Automation of validation testing requires a different skill set. This has caused some resistance in the validation community. Many validation engineers that I meet are looking at validation the way they viewed it in old days; they simply don’t want to change their processes. However, it is necessary to change the processes to take advantage of current technology.
There are many ways to automate test cases within a computer systems environment. You can do semi automated testing or fully automated testing, where the system fully executes a test case or set of test cases based on the defined schedule. This is the way ValidationMaster™ works. Semi-automated testing allows the validation engineer to navigate through the software application, capturing objective evidence along the way. It is semi-automated because the test script details are automatically captured, but the validation engineer is driving the test script and confirming the objective evidence along the way. Fully automated testing include those test scripts that are automated, or artificial intelligence driven and execute test scripts for a software application based on a defined schedule.
I have a client in Indiana who has over 400+ test scripts for an ERP system. Their process changes quarterly so they have to run all 400 test scripts quarterly for their entire supply chain process. This was costing roughly about $120,000 a quarter to bring 16 full-time equivalents into a room for testing. However, the fully automated testing developed in ValidationMaster™ allowed the execution of these test scripts on a quarterly basis. Once executed, the test case revealed where test scripts passed and more importantly where the test scripts failed and specifically, at which step the test script failed. The system reveals what the system was expecting to see versus what it actually saw.

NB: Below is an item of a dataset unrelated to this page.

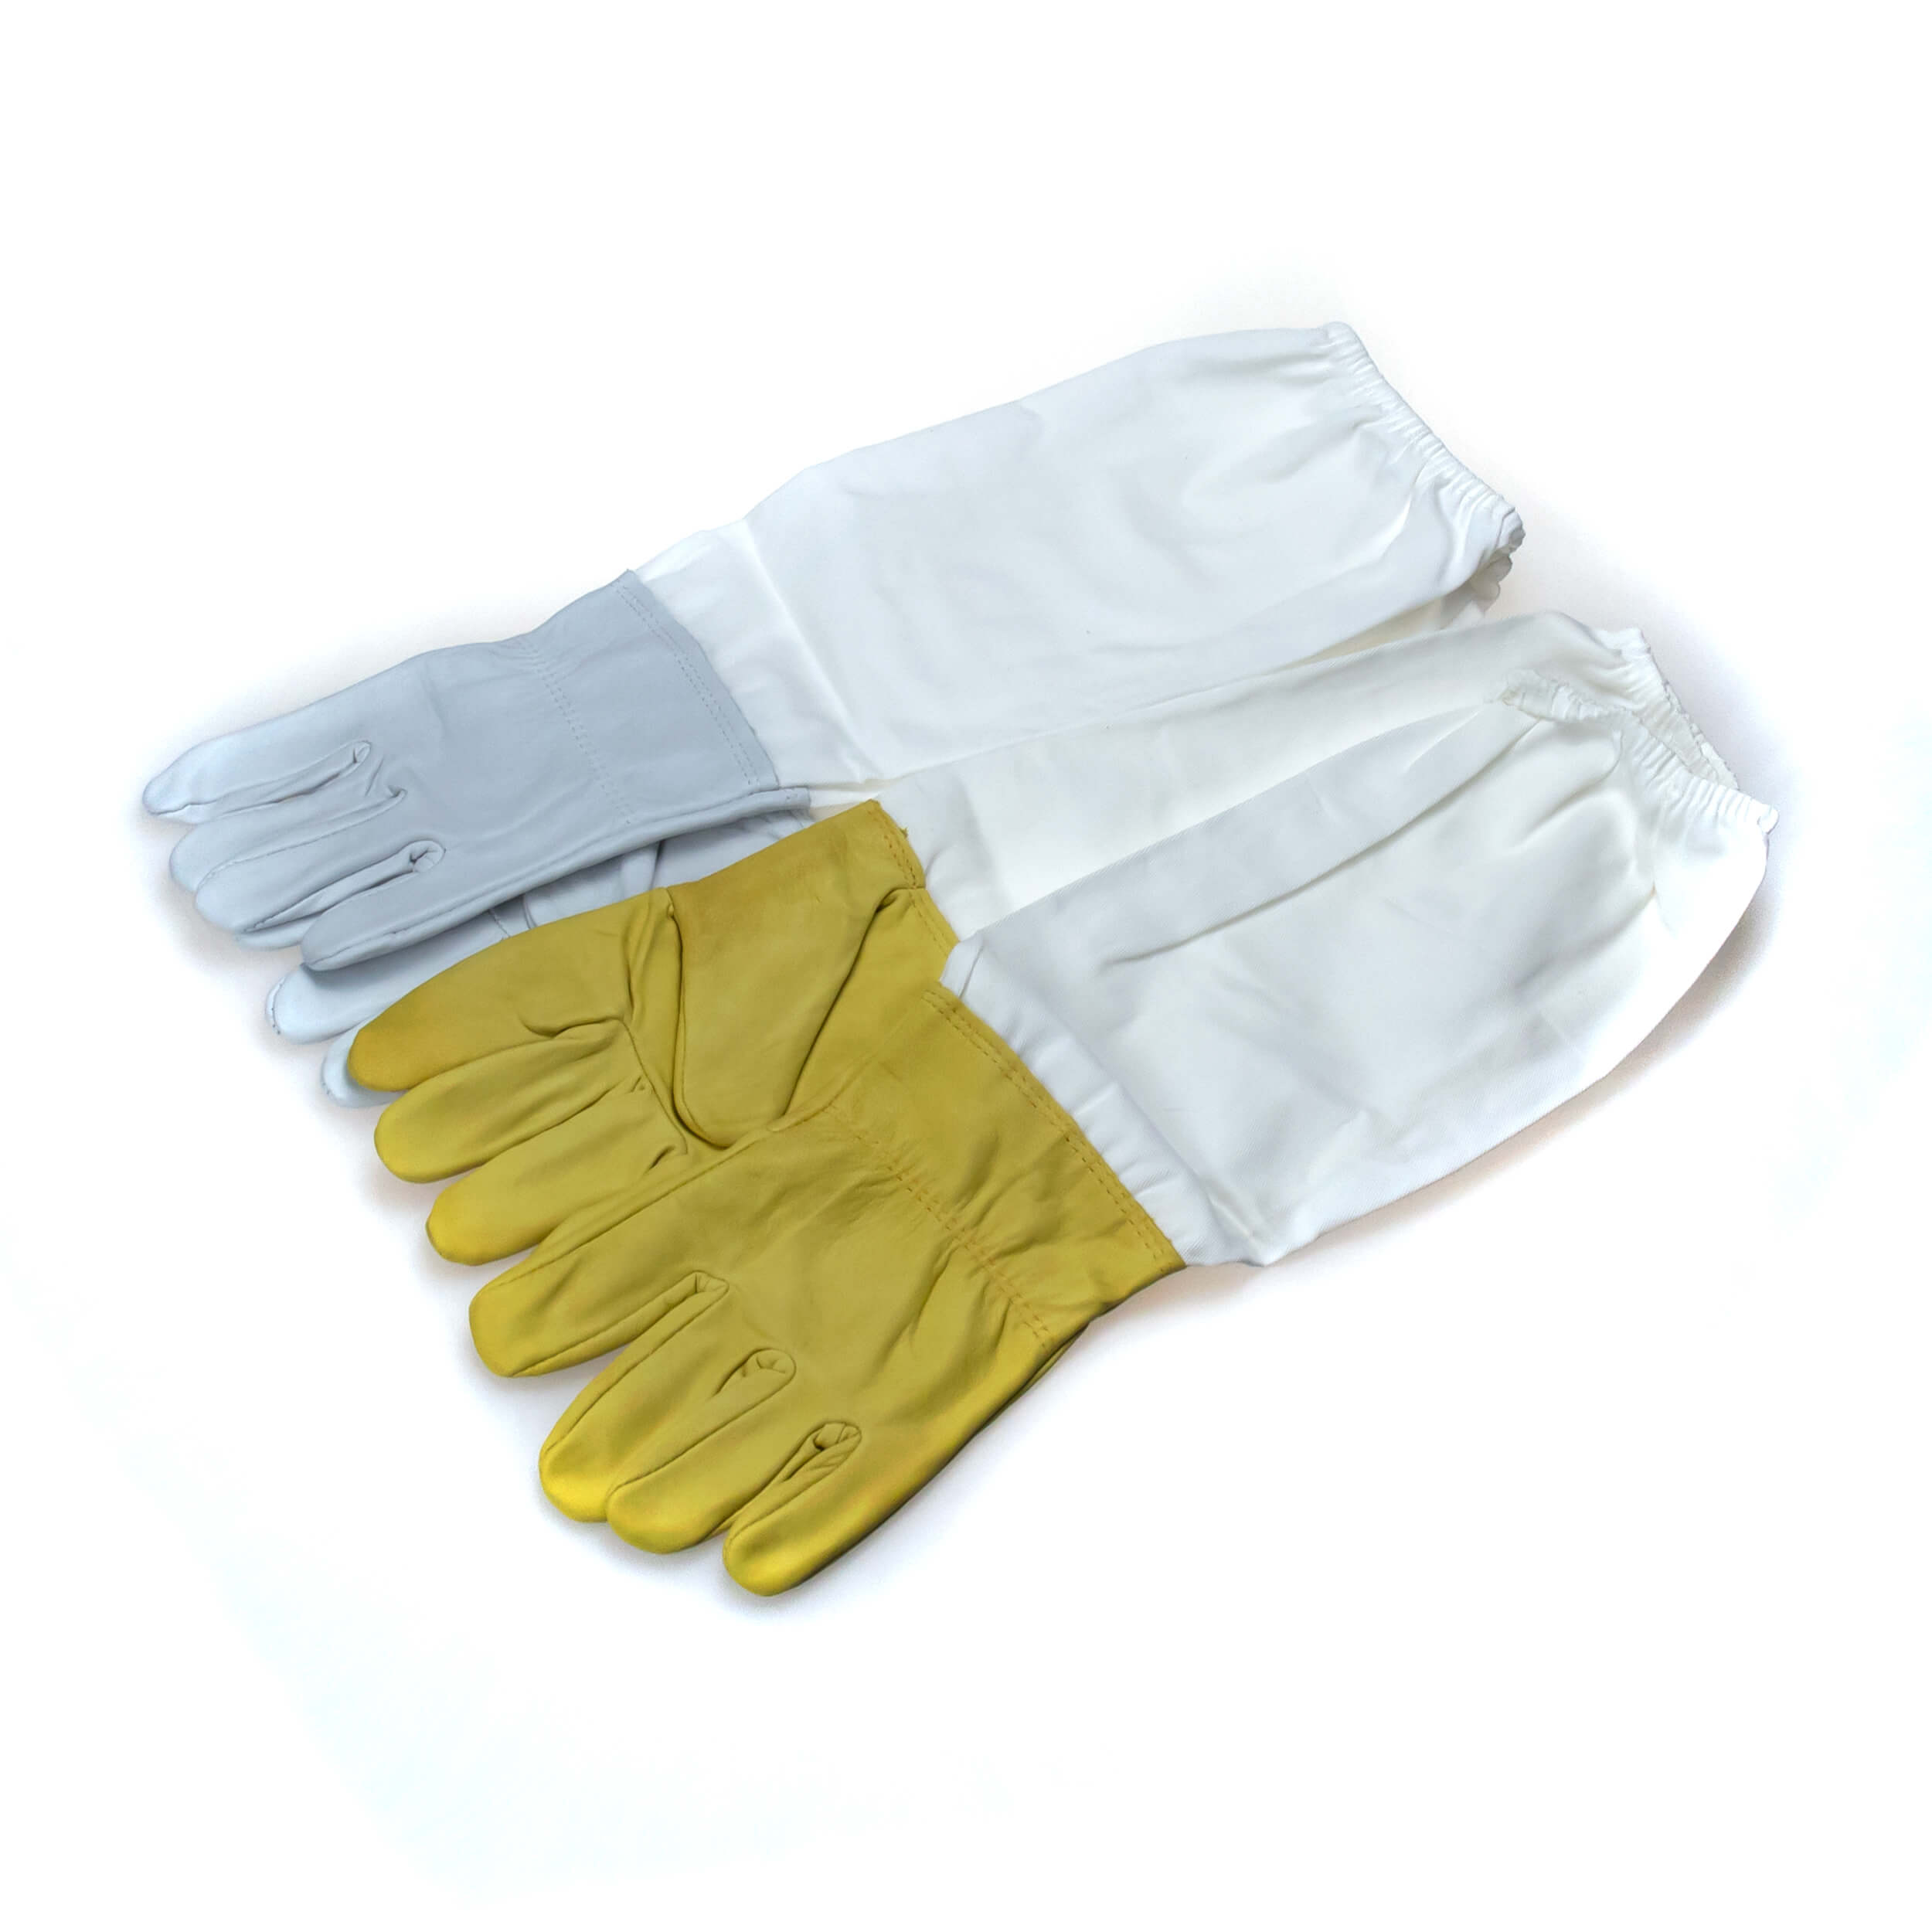 "Перчатки пчеловода ""Pro-leather-2"" (XL ~ 11 размер) фото"

Using artificial intelligence which this customer was not doing, would have caused the test script will self-heal. This means that the system will say I was expecting to see this screen and I saw that screen and will heal itself, avoiding unnecessary rework and rewriting of test scripts. That’s just one example.

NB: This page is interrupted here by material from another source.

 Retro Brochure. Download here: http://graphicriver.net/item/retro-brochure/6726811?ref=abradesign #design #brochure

Test automation is no longer a luxury but a necessity. Forward thinking organizations need to really consider if they are going to stay in the 80s and 90s where test scripts were written manually, or are they going to embrace the new and improved way of conducting validation testing using automation.
If you embrace the FDA’s new software assurance methodology, automated testing is a necessity for ad hoc testing. Ad hoc testing is testing where all documentation is not required by the FDA but rather the testing is conducted in an automated manner or a semiautomated manner using validation engineers as the test drivers, with automation to capture the results. Imagine a day where you are able to conduct ad hoc testing and the system reports back to you how many test cases passed and how many test cases failed; or how many deviations you had during testing and how many issues came up during testing. It would also reveal the minor issues found did not necessarily fail.
It’s a brave new world! Are you ready for automated testing?